• Data supplied:
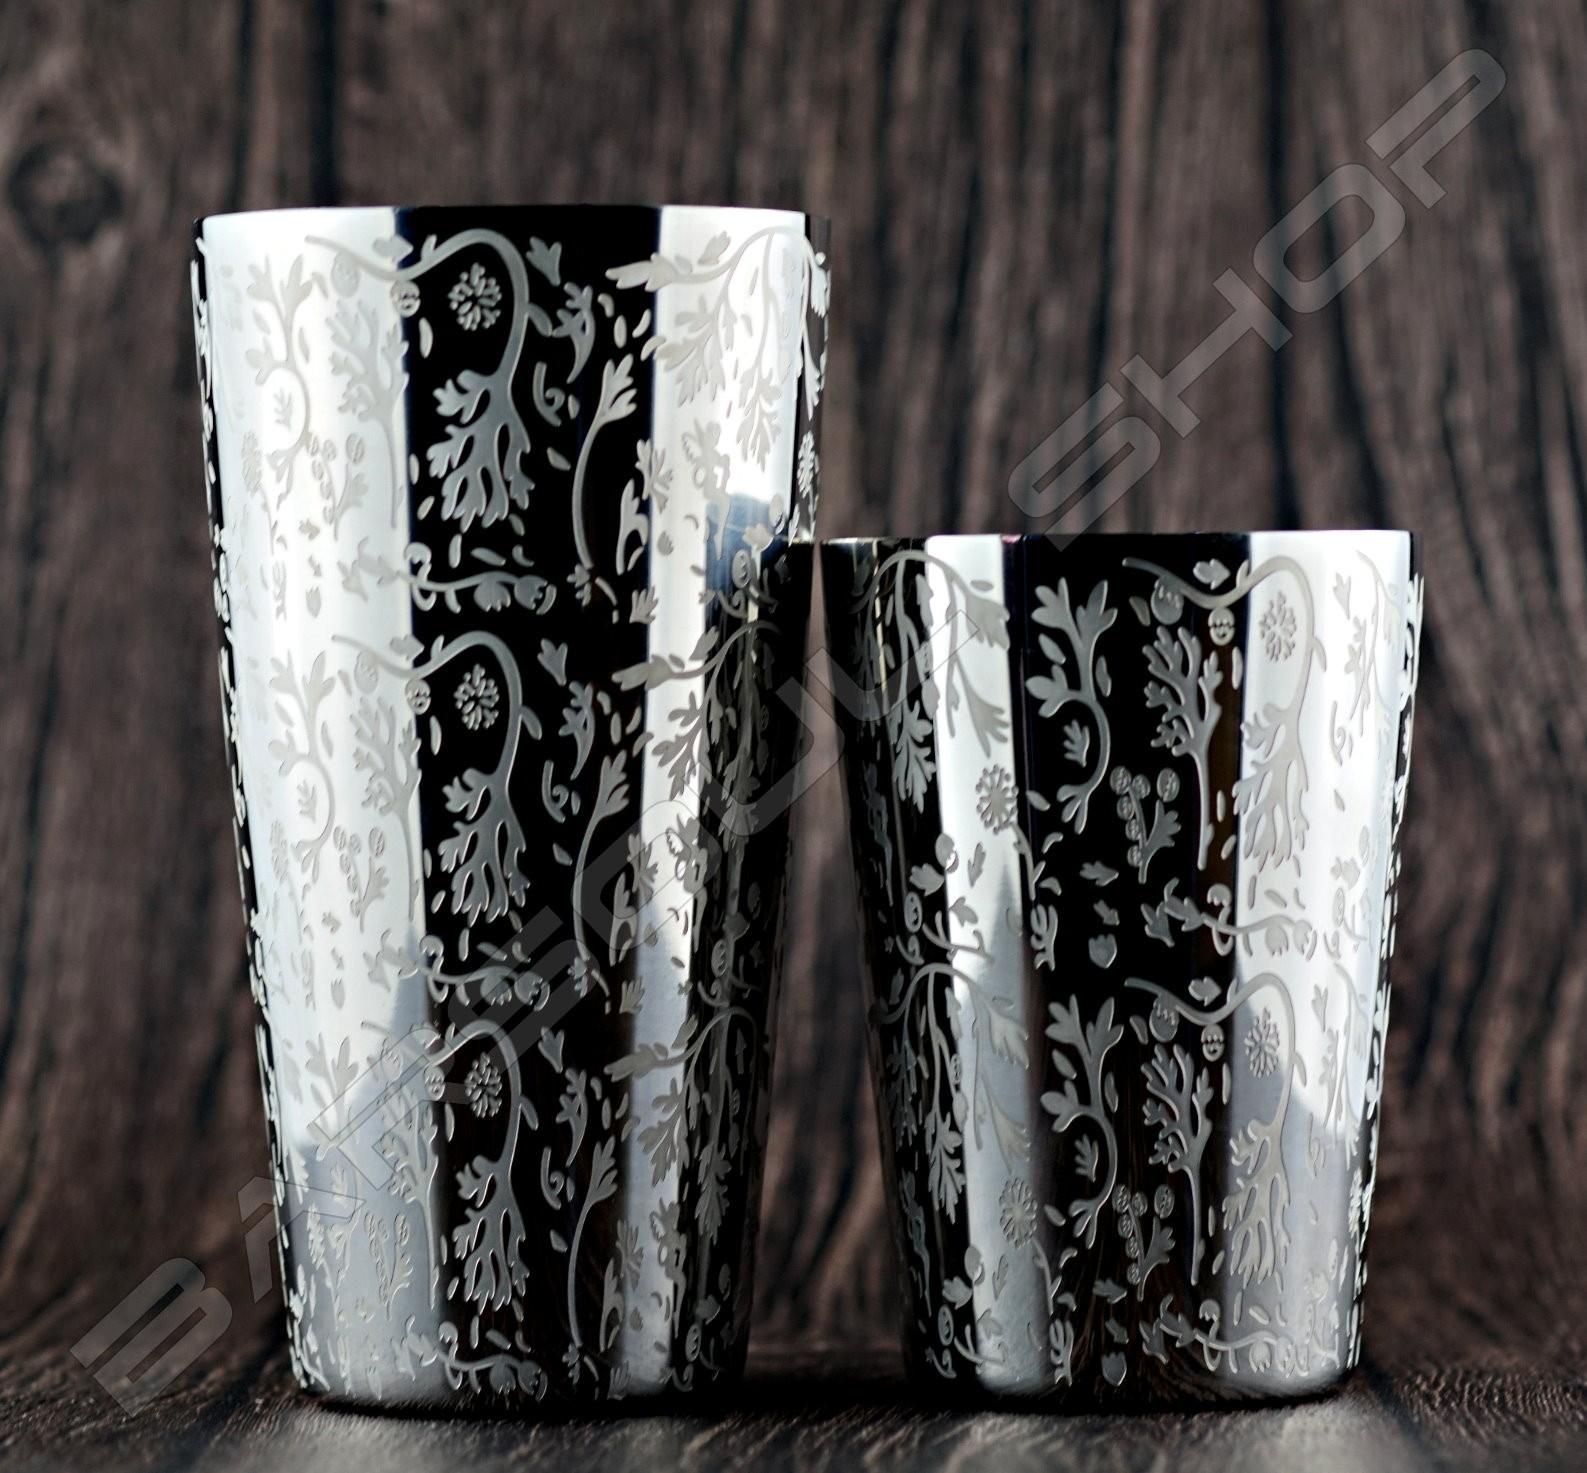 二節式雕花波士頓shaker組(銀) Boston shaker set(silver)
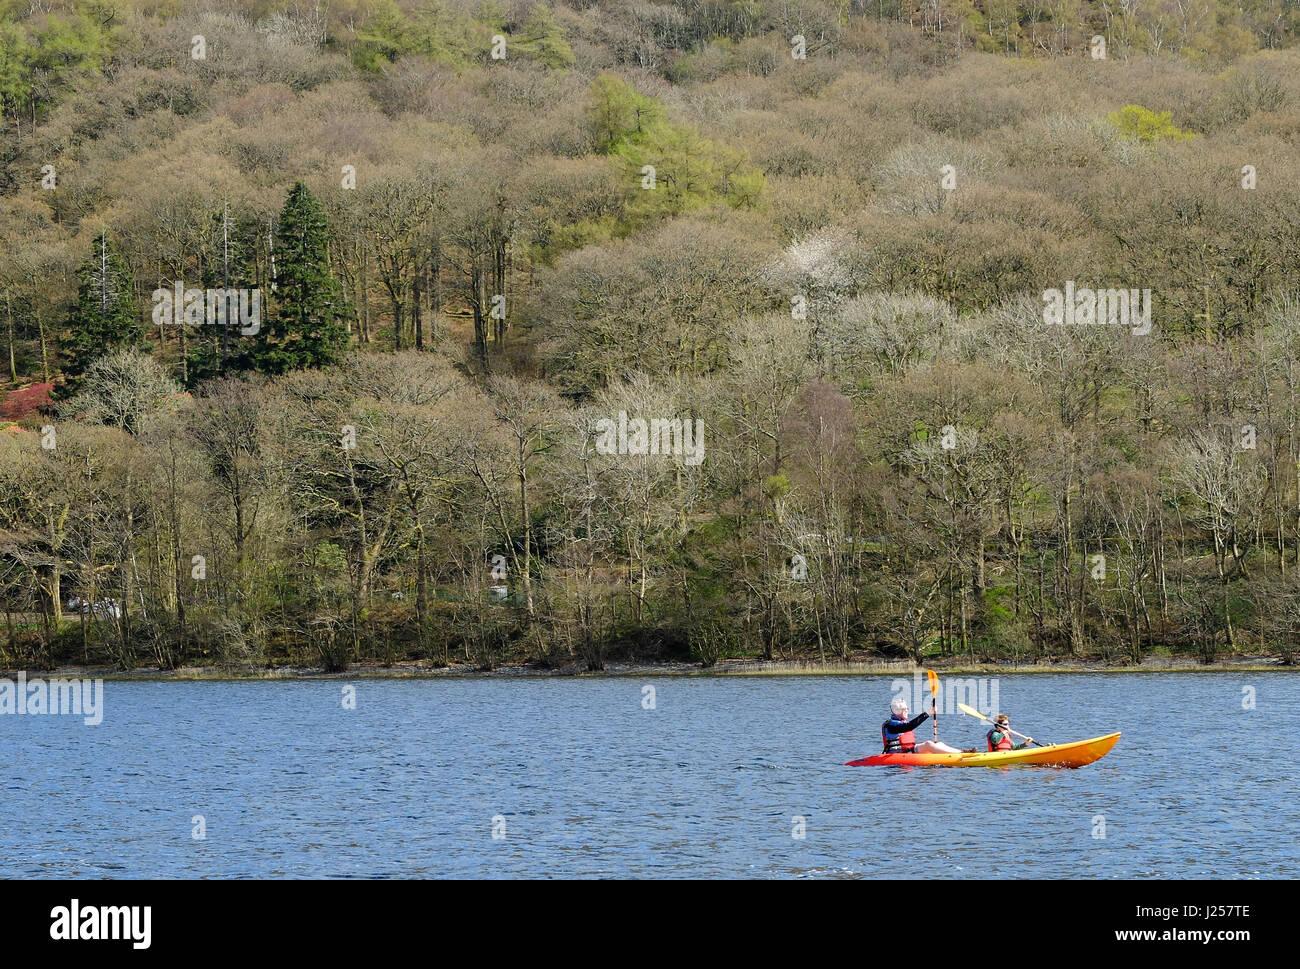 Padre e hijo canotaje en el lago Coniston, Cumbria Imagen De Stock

---

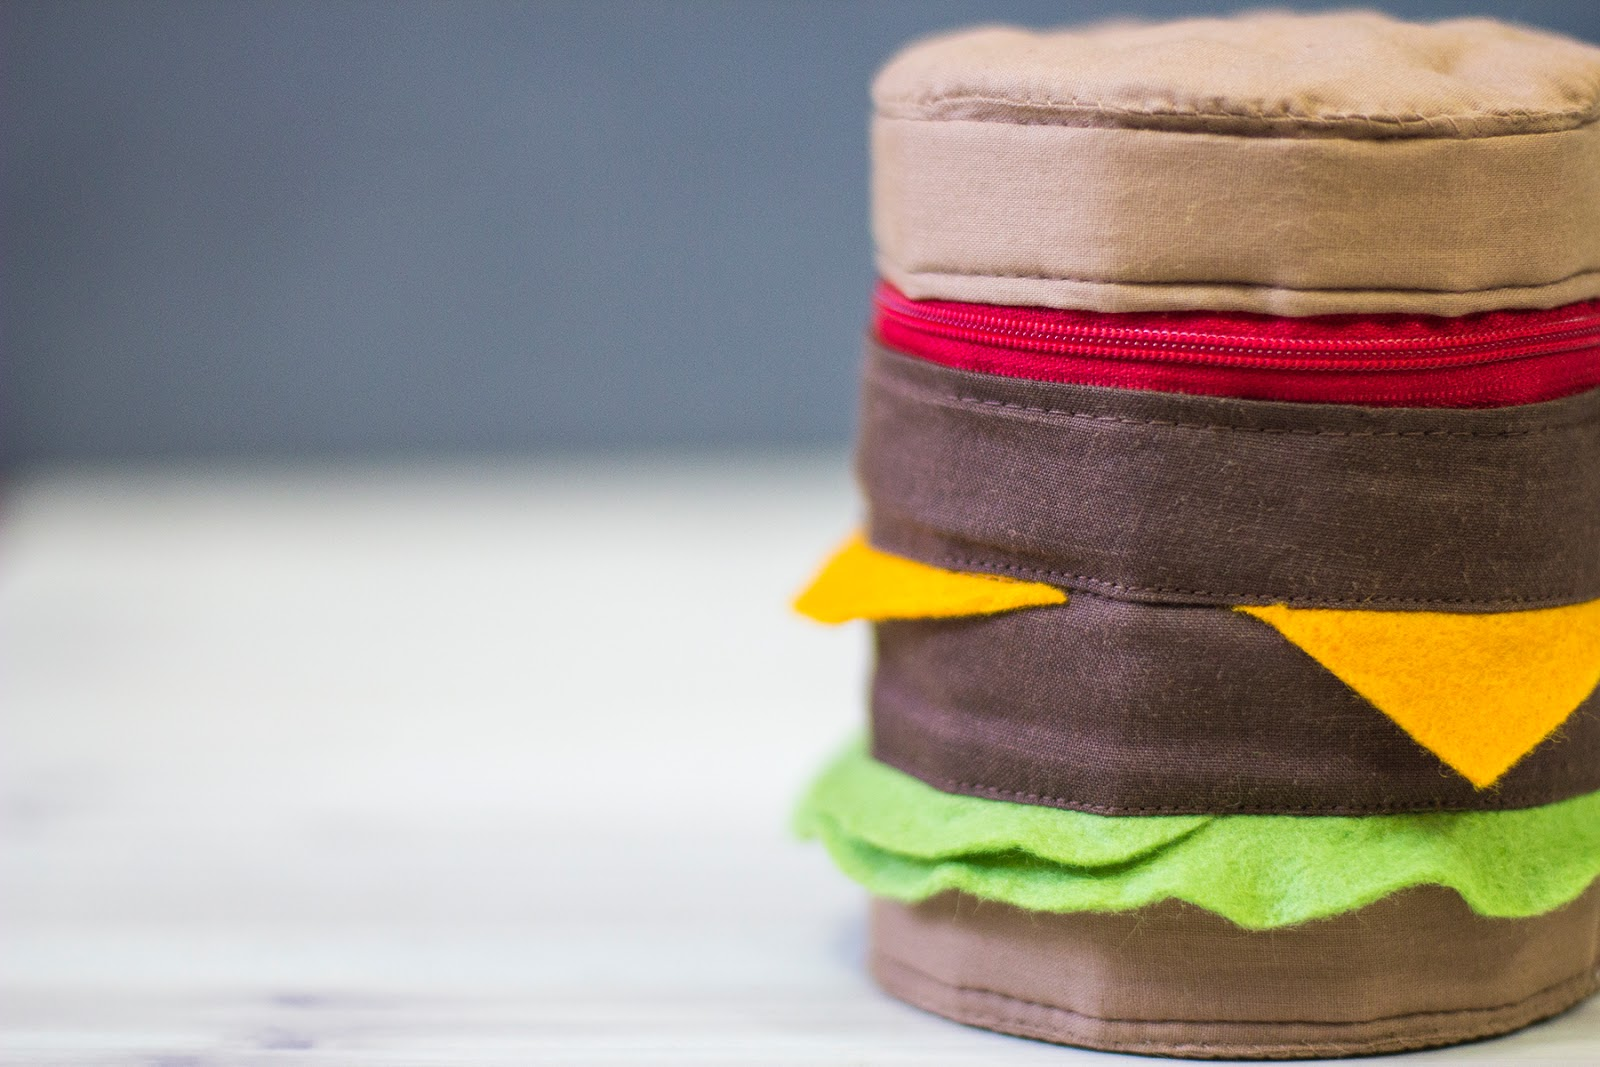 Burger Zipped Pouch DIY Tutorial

---

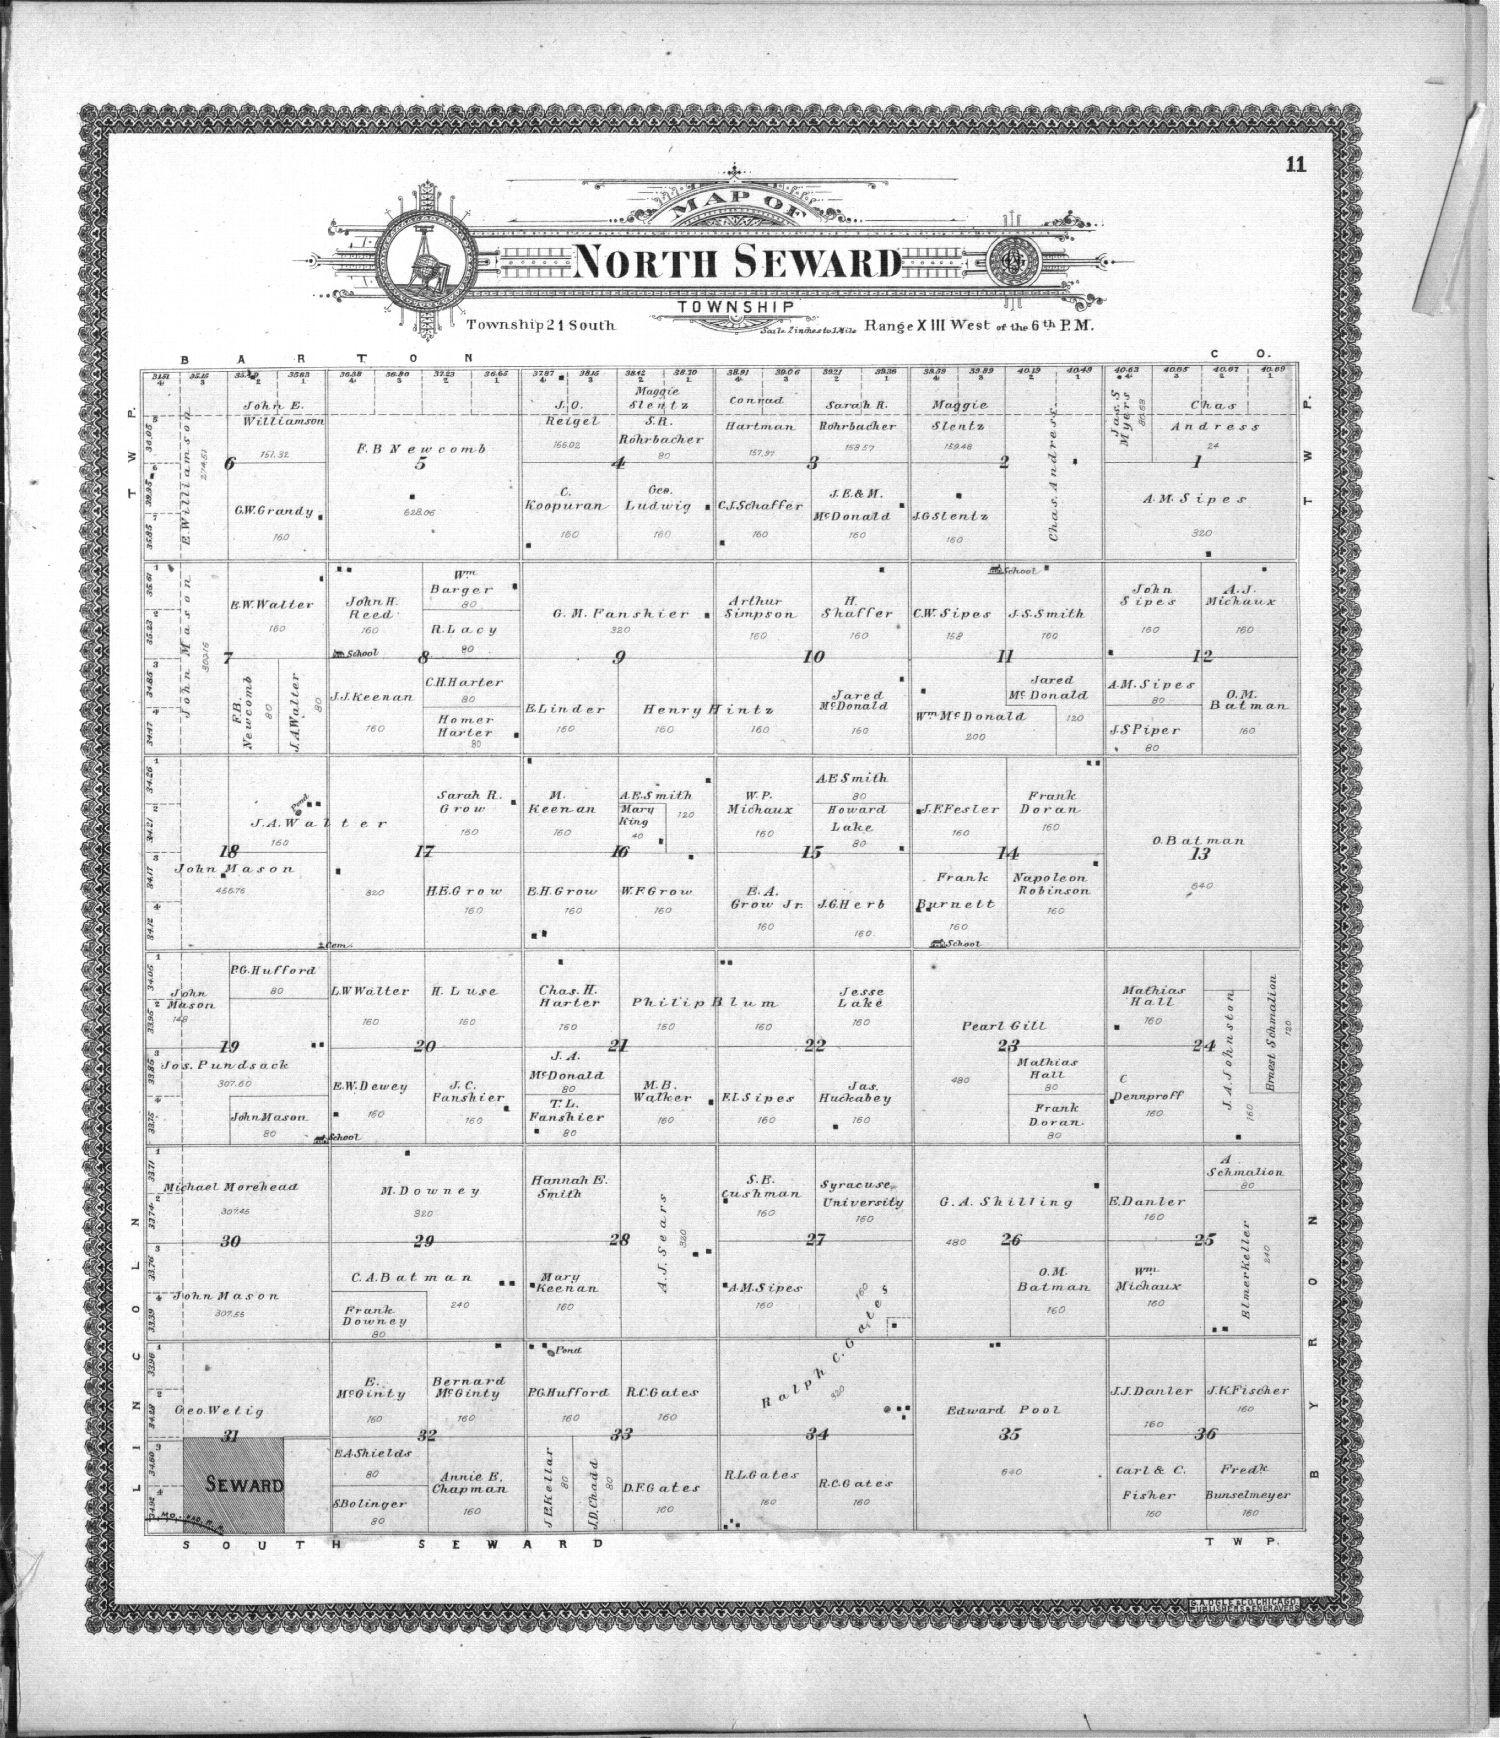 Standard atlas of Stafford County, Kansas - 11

• Task description: Reproduce, exactly and only, the lines of the records above starting at the line with "二節式雕花波士頓shaker組(銀) Boston shaker set(silver)" and ending at the line with "Padre e hijo", both included. Leave every picture out.

• Answer area:
 二節式雕花波士頓shaker組(銀) Boston shaker set(silver)
 Padre e hijo canotaje en el lago Coniston, Cumbria Imagen De Stock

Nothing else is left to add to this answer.